(Data segment)
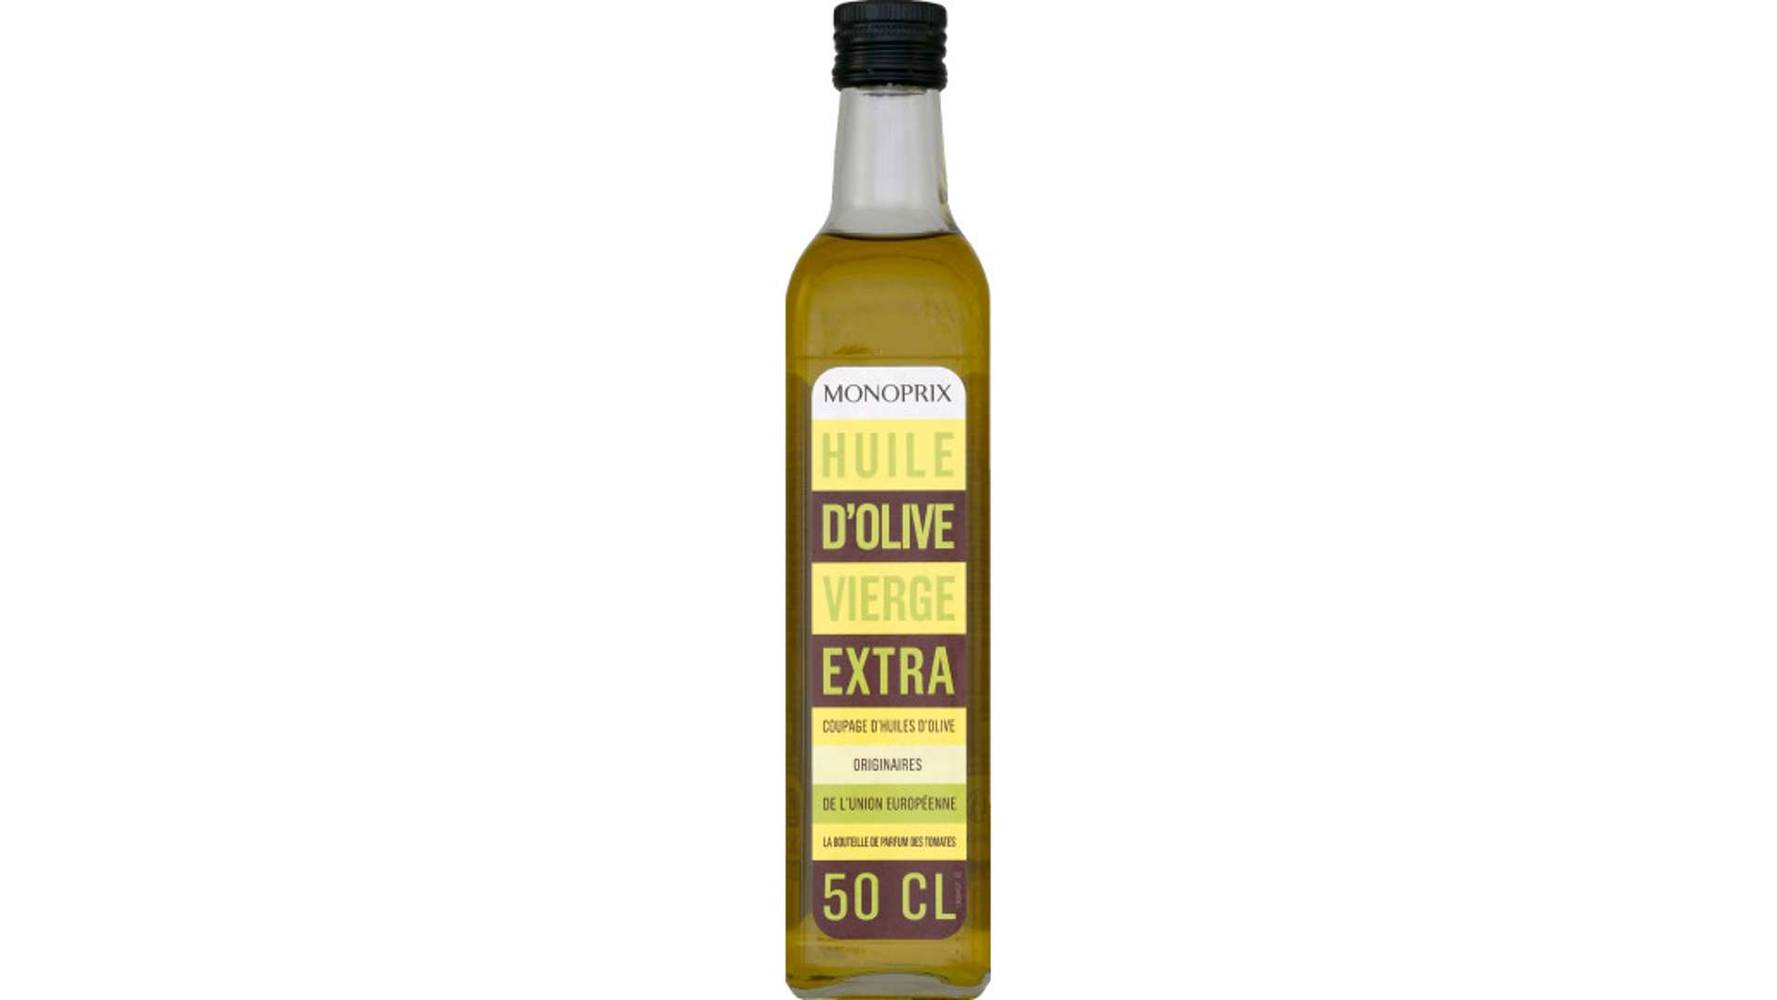 Monoprix Huile d'olive vierge extra La bouteille de 50 cl
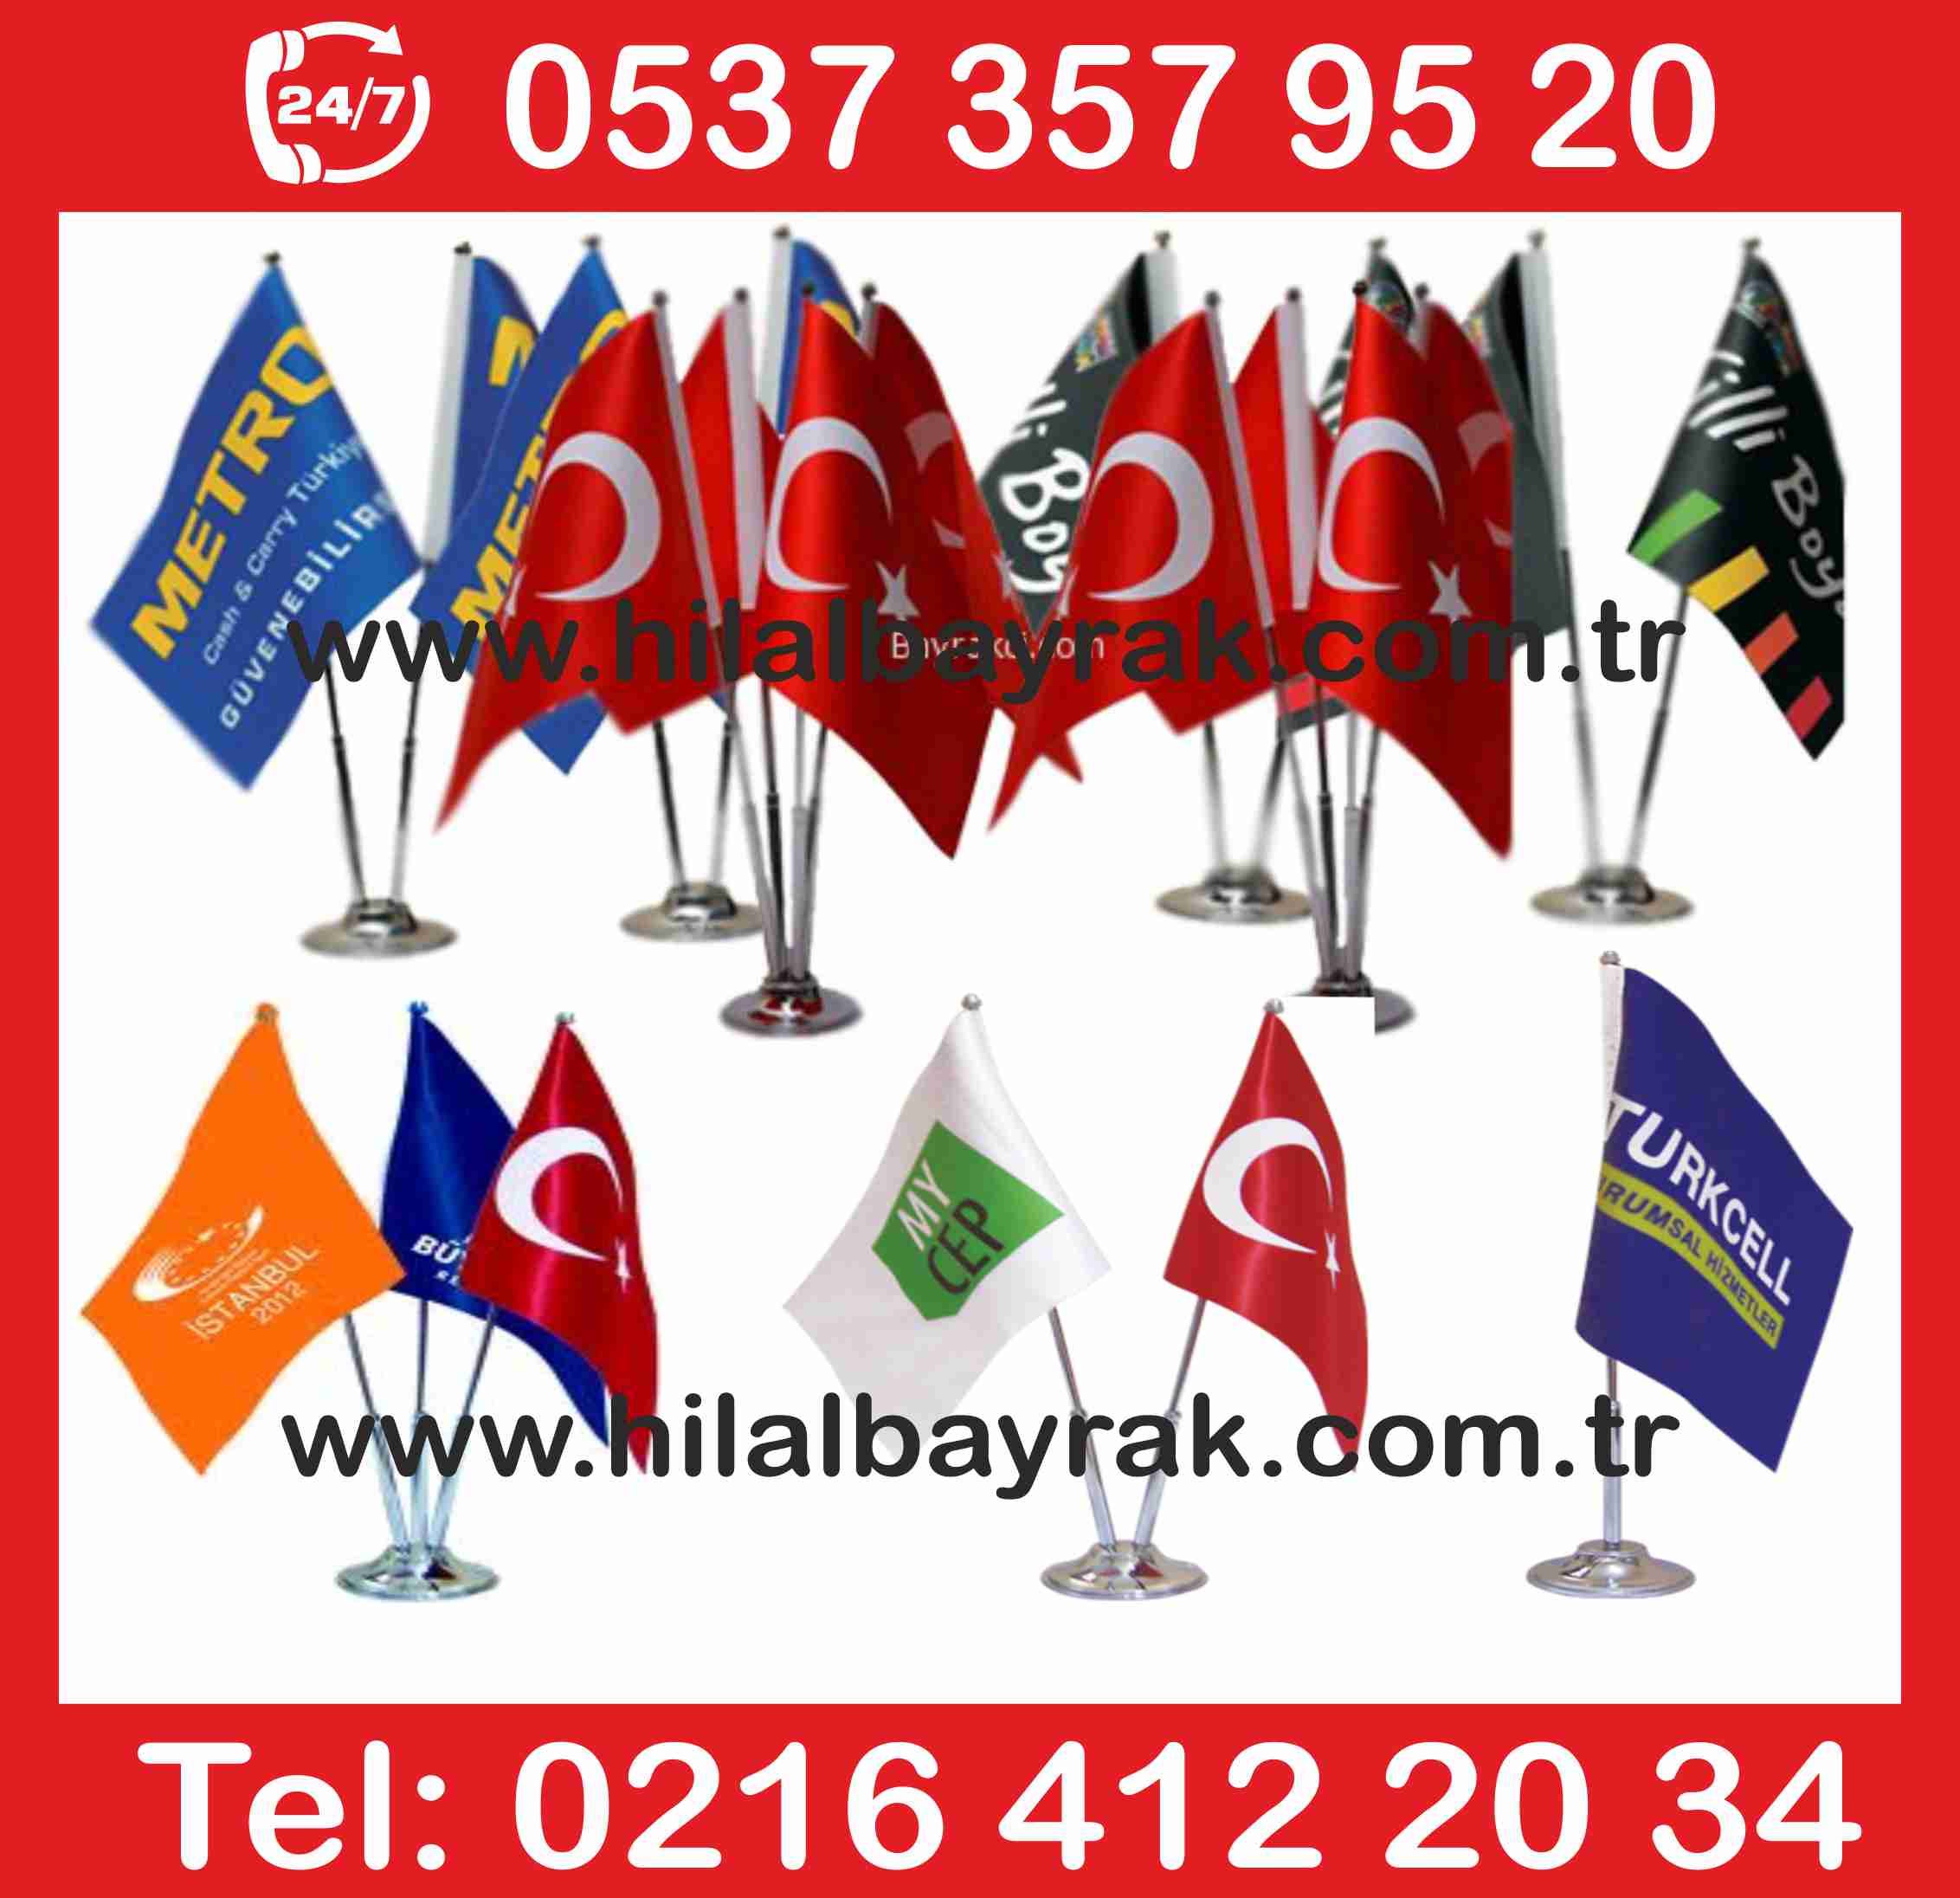 Masa Bayrak Üretimi, Kadıköy İstanbul, masa bayrak, satış, masa bayrak Ümraniye, masa bayrak imalatı, acil masa bayrağı, masa bayrakları, masa bayrak burada satışı 7.24 SAAT AÇIK HİZMET
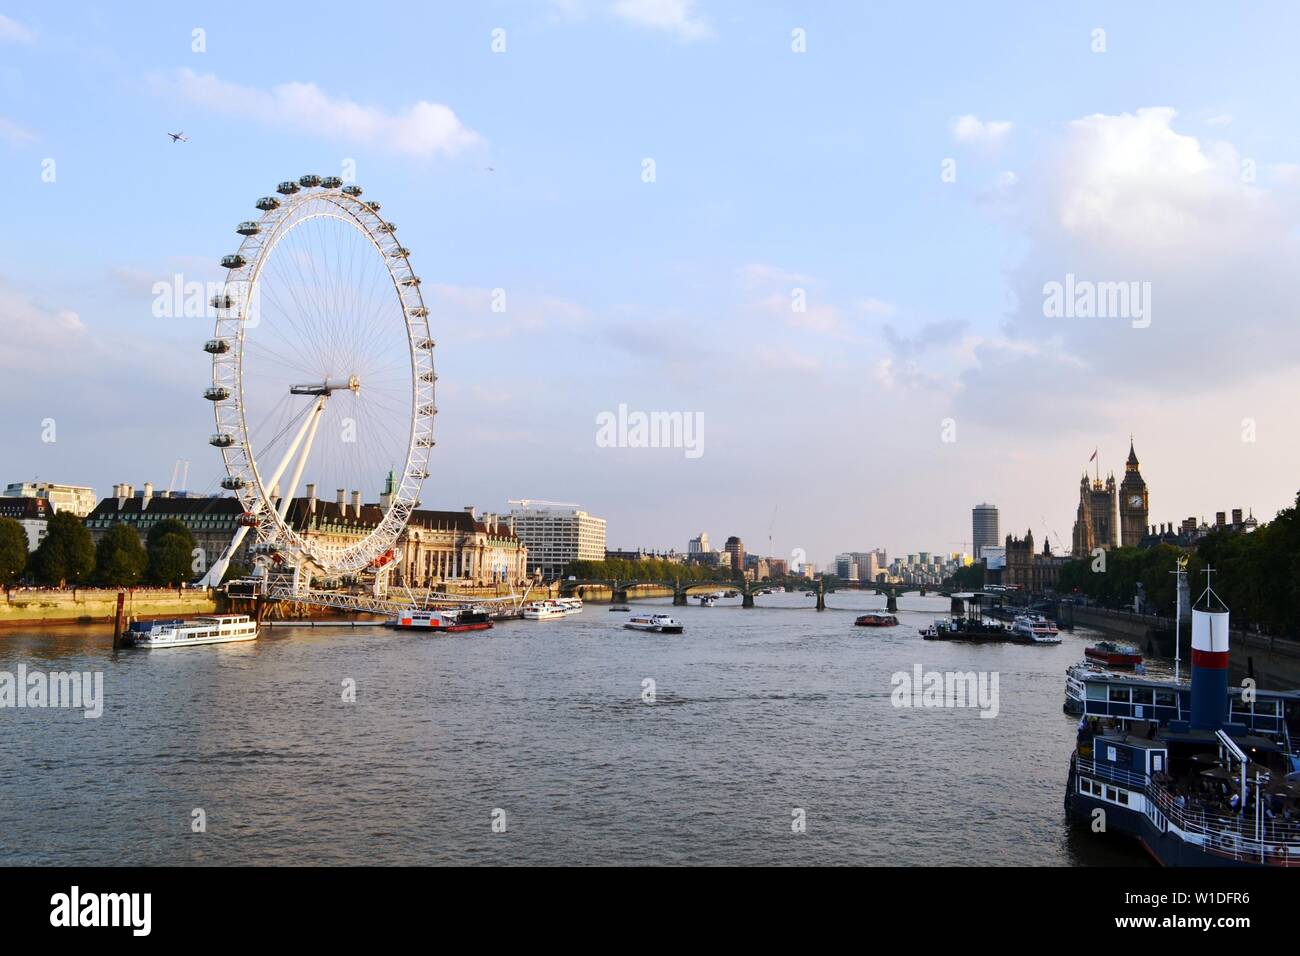 Londres/UK - Septiembre 7, 2014: Vista panorámica al río Támesis, el London Eye, Las Casas del Parlamento, el puente de Westminster, el Big Ben al atardecer. Foto de stock
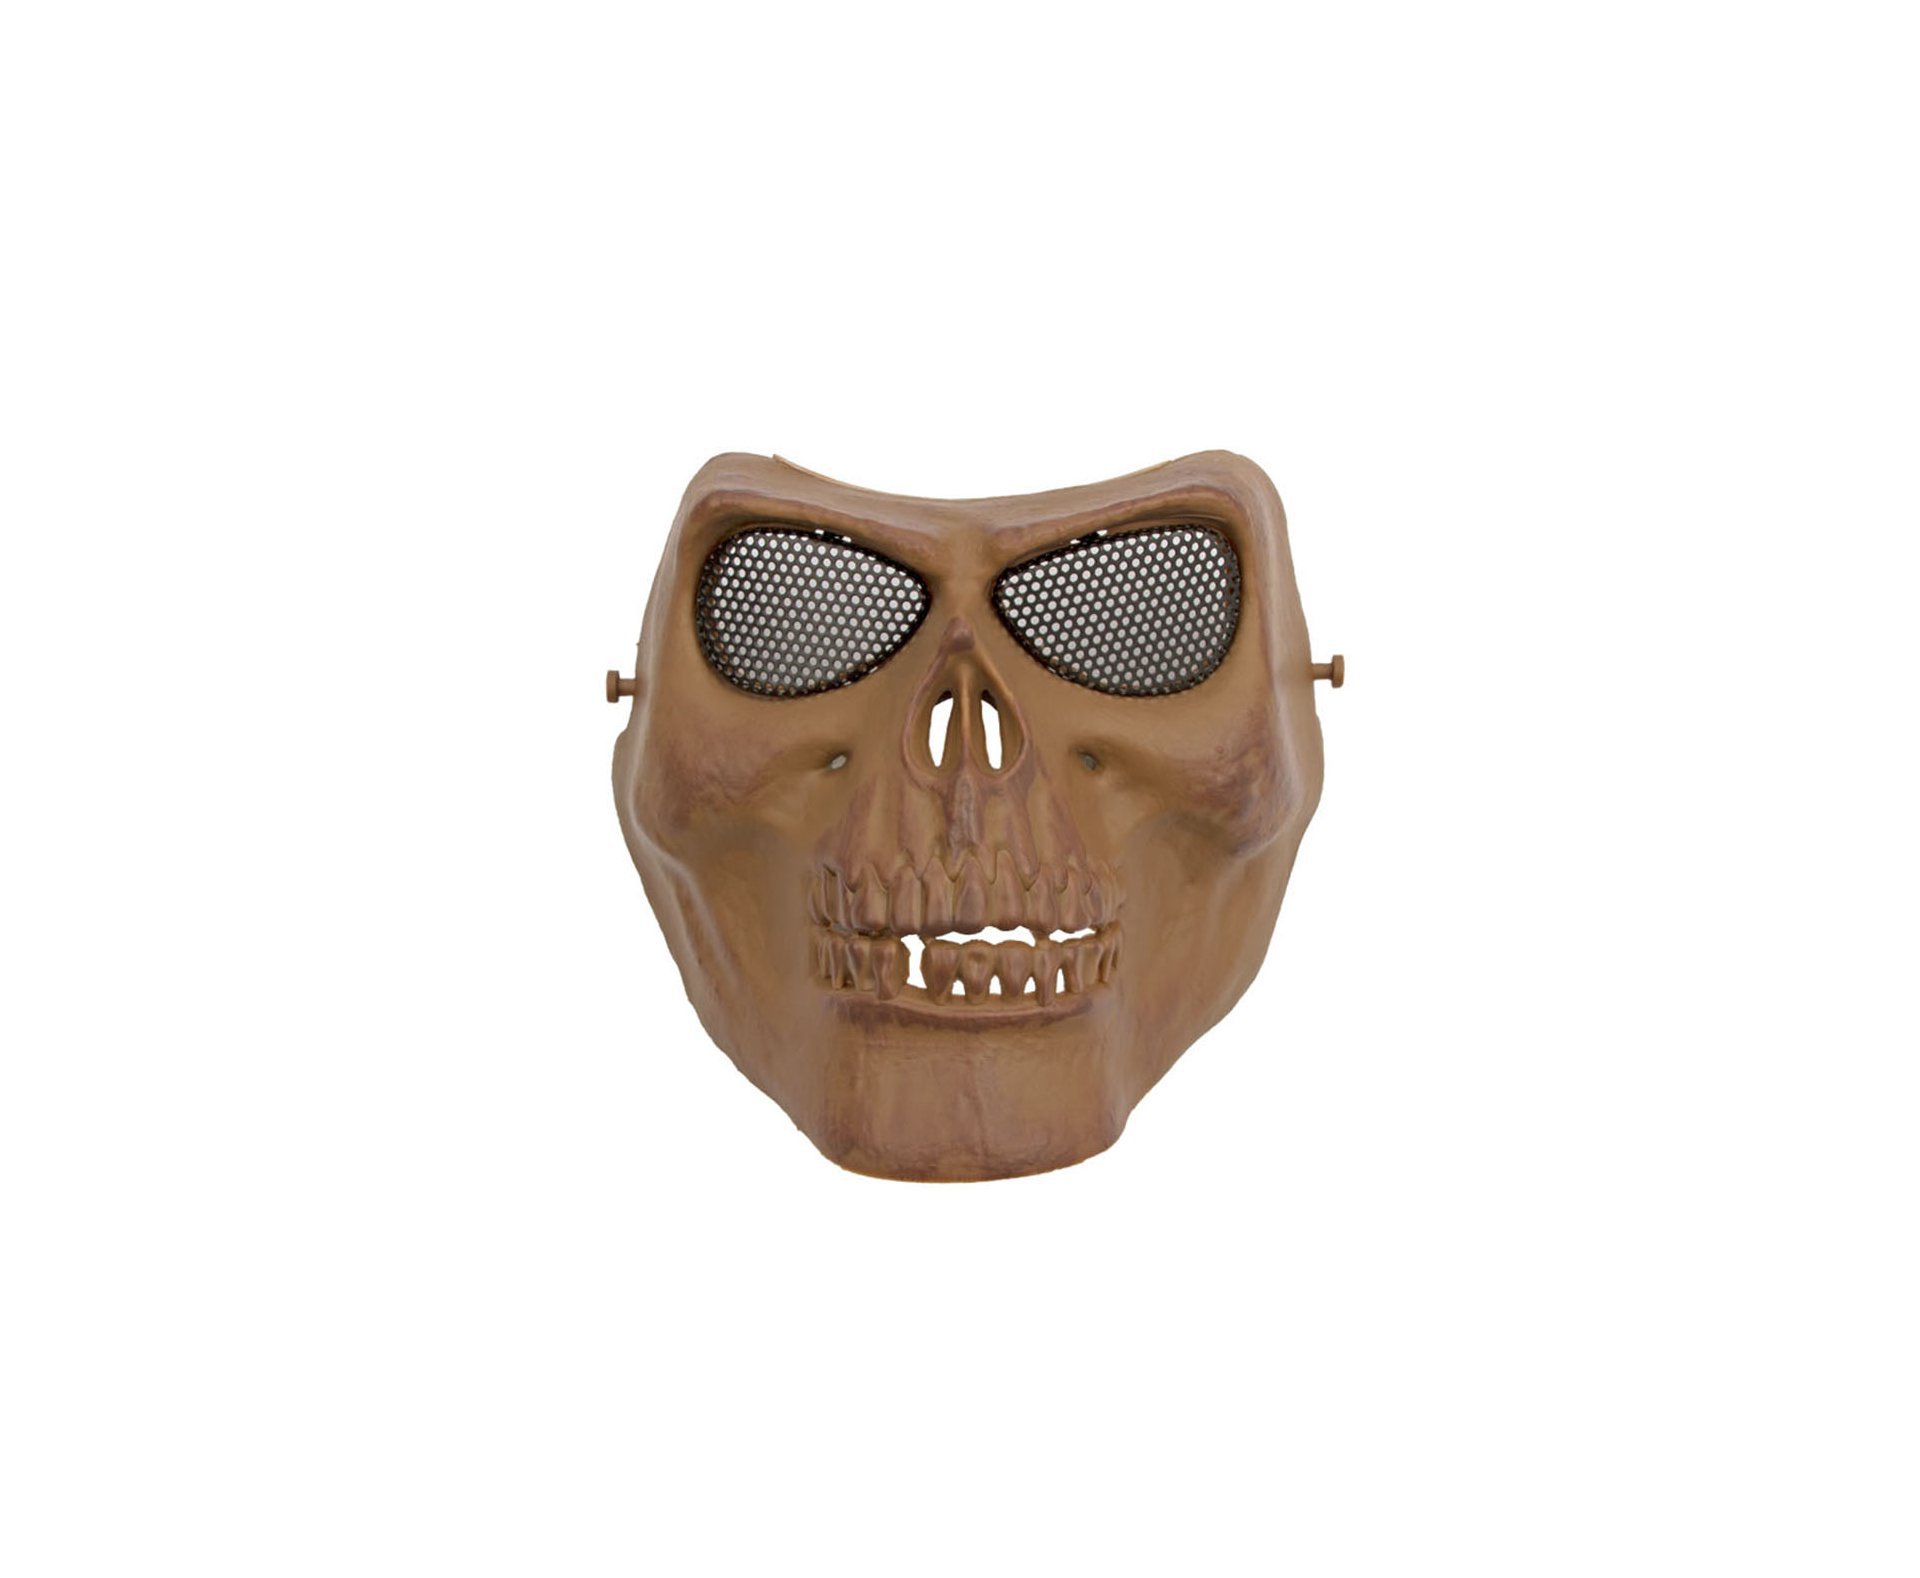 Mascara Tatica De Caveira Em Abs C/proteção De Tela Em Metal - Tan
(End Data segment)
Word for word, restate the lines from the one containing "Masa Bayrak Üretimi, Kadıköy" through the end of the listing, and nothing more. Skip the pictures.

> [Solution to this task]:
 Masa Bayrak Üretimi, Kadıköy İstanbul, masa bayrak, satış, masa bayrak Ümraniye, masa bayrak imalatı, acil masa bayrağı, masa bayrakları, masa bayrak burada satışı 7.24 SAAT AÇIK HİZMET
 Londres/UK - Septiembre 7, 2014: Vista panorámica al río Támesis, el London Eye, Las Casas del Parlamento, el puente de Westminster, el Big Ben al atardecer. Foto de stock
 Mascara Tatica De Caveira Em Abs C/proteção De Tela Em Metal - Tan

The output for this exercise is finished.